I see that kind of logs in kafka:

│ [2025-02-11 15:20:14,986] INFO [TransactionCoordinator id=0] Initialized transactionalId in.id.cm00rd78400061c0alg6fdykx-uegh-a43t-rSIaHk.m.retry.t._all__failed_8725bd2d-5bbe-43a3-926e-9aa651e5ff51 with producerId 1001 and producer epoch 3000 on partition │
│  __transaction_state-2 (kafka.coordinator.transaction.TransactionCoordinator)                                                                                                                                                                                   │
│ [2025-02-11 15:20:15,133] INFO [TransactionCoordinator id=0] Initialized transactionalId in.id.cm00rd78400061c0alg6fdykx-uegh-a43t-rSIaHk.m.retry.t._all__failed_8725bd2d-5bbe-43a3-926e-9aa651e5ff51 with producerId 1001 and producer epoch 3001 on partition │
│  __transaction_state-2 (kafka.coordinator.transaction.TransactionCoordinator)                                                                                                                                                                                   │
│ [2025-02-11 15:20:15,298] INFO [TransactionCoordinator id=0] Initialized transactionalId in.id.cm00rd78400061c0alg6fdykx-uegh-a43t-rSIaHk.m.retry.t._all__failed_8725bd2d-5bbe-43a3-926e-9aa651e5ff51 with producerId 1001 and producer epoch 3002 on partition │
│  __transaction_state-2 (kafka.coordinator.transaction.TransactionCoordinator)                                                                                                                                                                                   │
│ [2025-02-11 15:20:15,433] INFO [TransactionCoordinator id=0] Initialized transactionalId in.id.cm00rd78400061c0alg6fdykx-uegh-a43t-rSIaHk.m.retry.t._all__failed_8725bd2d-5bbe-43a3-926e-9aa651e5ff51 with producerId 1001 and producer epoch 3003 on partition │
│  __transaction_state-2 (kafka.coordinator.transaction.TransactionCoordinator)                                                                                                                                                                                   │
│ [2025-02-11 15:20:15,558] INFO [TransactionCoordinator id=0] Initialized transactionalId in.id.cm00rd78400061c0alg6fdykx-uegh-a43t-rSIaHk.m.retry.t._all__failed_8725bd2d-5bbe-43a3-926e-9aa651e5ff51 with producerId 1001 and producer epoch 3004 on partition │
│  __transaction_state-2 (kafka.coordinator.transaction.TransactionCoordinator)                                                                                                                                                                                   │
│ [2025-02-11 15:20:15,690] INFO [TransactionCoordinator id=0] Initialized transactionalId in.id.cm00rd78400061c0alg6fdykx-uegh-a43t-rSIaHk.m.retry.t._all__failed_8725bd2d-5bbe-43a3-926e-9aa651e5ff51 with producerId 1001 and producer epoch 3005 on partition │
│  __transaction_state-2 (kafka.coordinator.transaction.TransactionCoordinator)

The text was updated successfully, but these errors were encountered:

vklimontovich · 2025-02-11T19:07:08Z

If Kafka is down, ingest should be writing data to a local disk and replay it later (@absorbb is this correct).

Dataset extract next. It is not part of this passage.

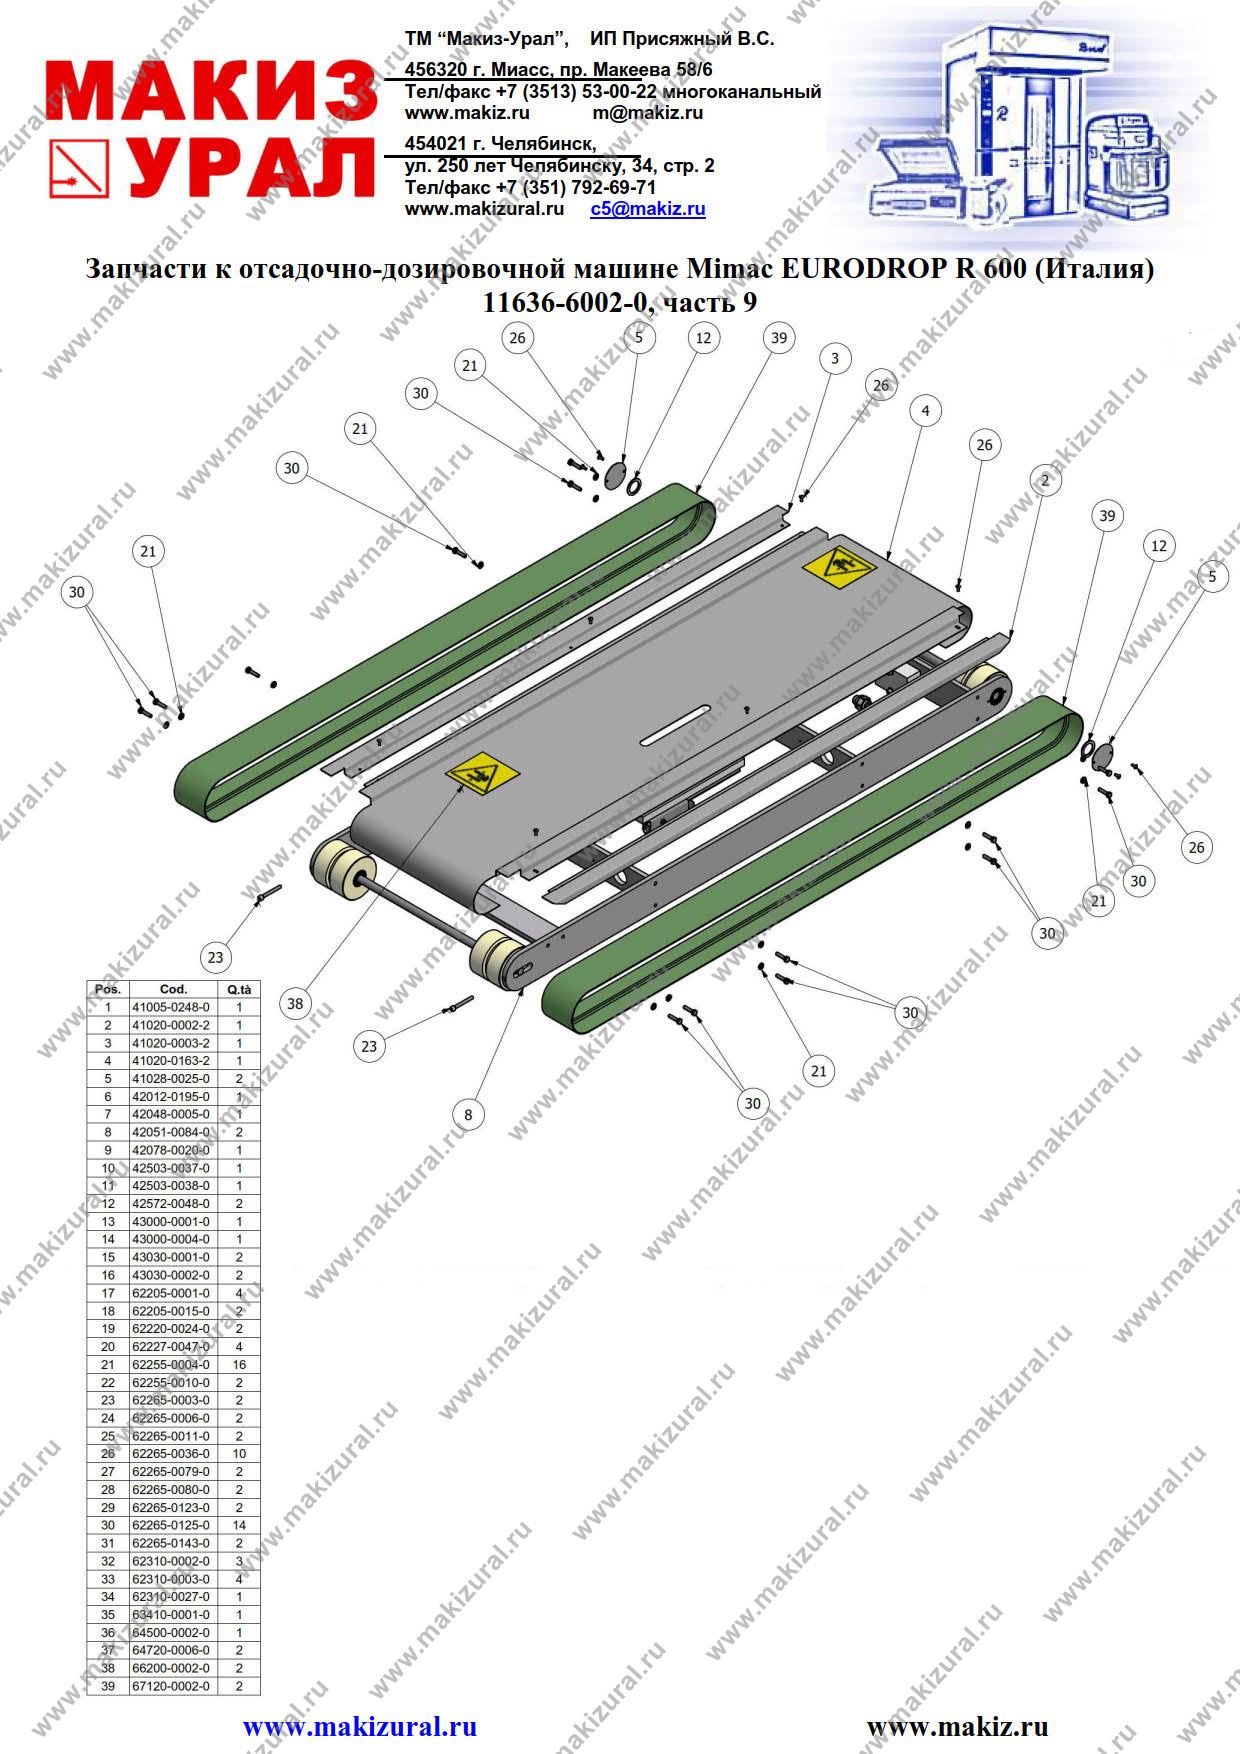 Запасные части для отсадочно-дозировочной машины EURODROP R 600 Mimac (Италия) - 11636-6002-0, часть 9

However, ingest should have a persistent disks, not sure how if it's configured in stafftastic's chart.

On the other hand, if Kafka wasn't returning error to Jitsu Producer, there's no way to restore the data

absorbb · 2025-02-11T20:12:24Z

ClickHouse is not critical to the system.

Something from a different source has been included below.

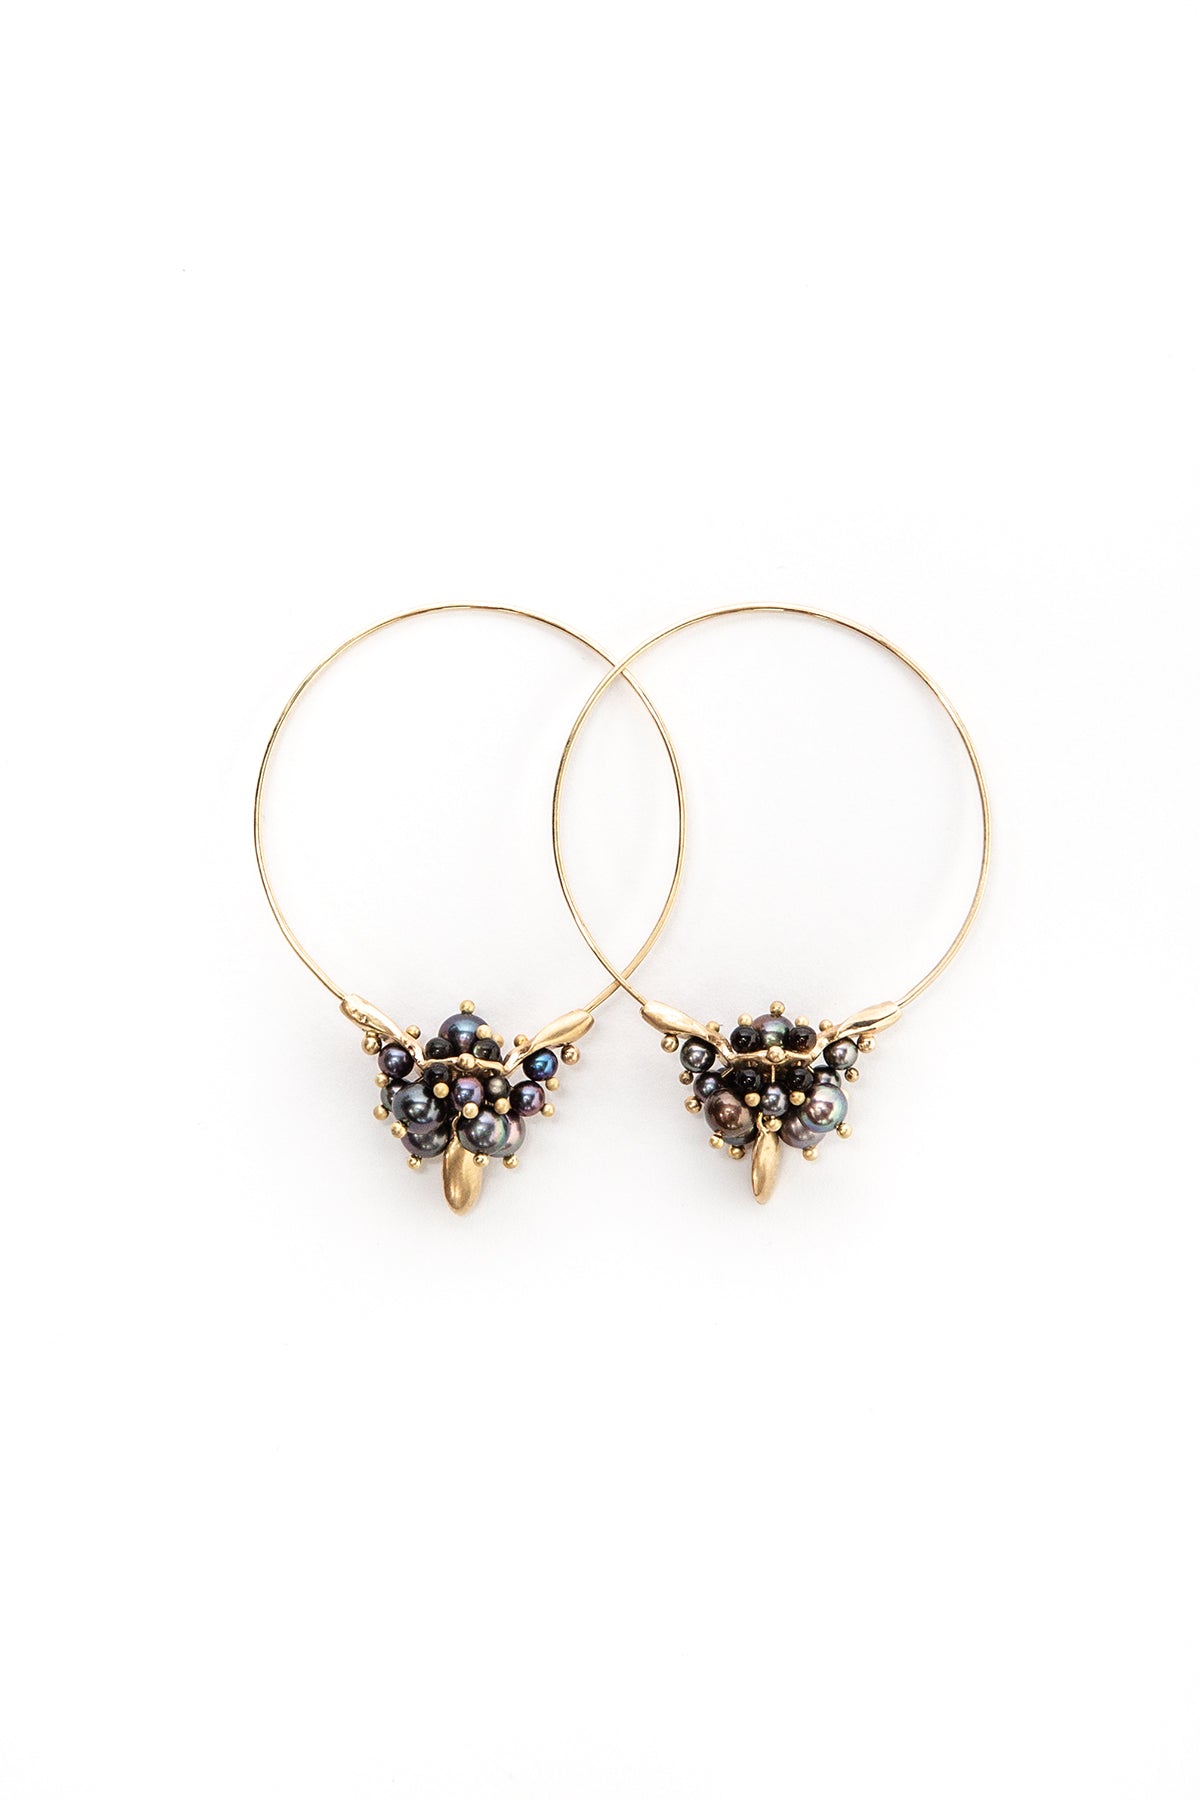 Small Hoop Cluster Earrings with Black Pearls

However, if Kafka is down, issues will arise since the retry mechanism depends on Kafka.
There is a backup log available: config.go#L40, but it is neither enabled in jitsu-chart nor documented on our site.

Currently, the only fallback mechanism enabled by default is the Kafka producer’s in-memory queue (default size: 100,000). However, in your case, it was likely lost due to a restart or became overfilled.

Unfortunately, there is no way to recover events in this scenario.

Our services expose a /health endpoint (/healthcheck for the console), but none of them currently verify Kafka's state. While Kafka can be monitored separately, it would be beneficial to integrate Kafka health checks directly into ingest.

Action Items:

Document the backup log settings.
Document the producer queue size.
Add Kafka health checks to the ingest /health endpoint.

stouch · 2025-02-13T16:13:41Z

OK, I understood why my disks continuesly explode : The kafka db looks to be filled by millions of data in : /bitnami/kafka/data because when I run du -sh ./* I got several topics of > 3/4GB in few days.

These topics are about events that I already got in my destination databases, so why are they still here stored ?

I will be AGAIN out of disk space in a dozen of hours and so I must increase again the disks.

Is this normal ?

I filtered grep rows with "M" size, but I also go topics of "G"bytes..

vklimontovich · 2025-02-13T16:43:05Z

That's how Kafka works, Jitsu can't delete any data from the topic. It's controlled by topic retention policy. By default jitsu creates topics with around 7 day retention. You can either change that — it should be env var, grep through bulker and rotor code. Or you can change retention after topic is created

echozio · 2025-02-13T20:06:56Z

@vklimontovich

If Kafka is down, ingest should be writing data to a local disk and replay it later (@absorbb is this correct). However, ingest should have a persistent disks, not sure how if it's configured in stafftastic's chart.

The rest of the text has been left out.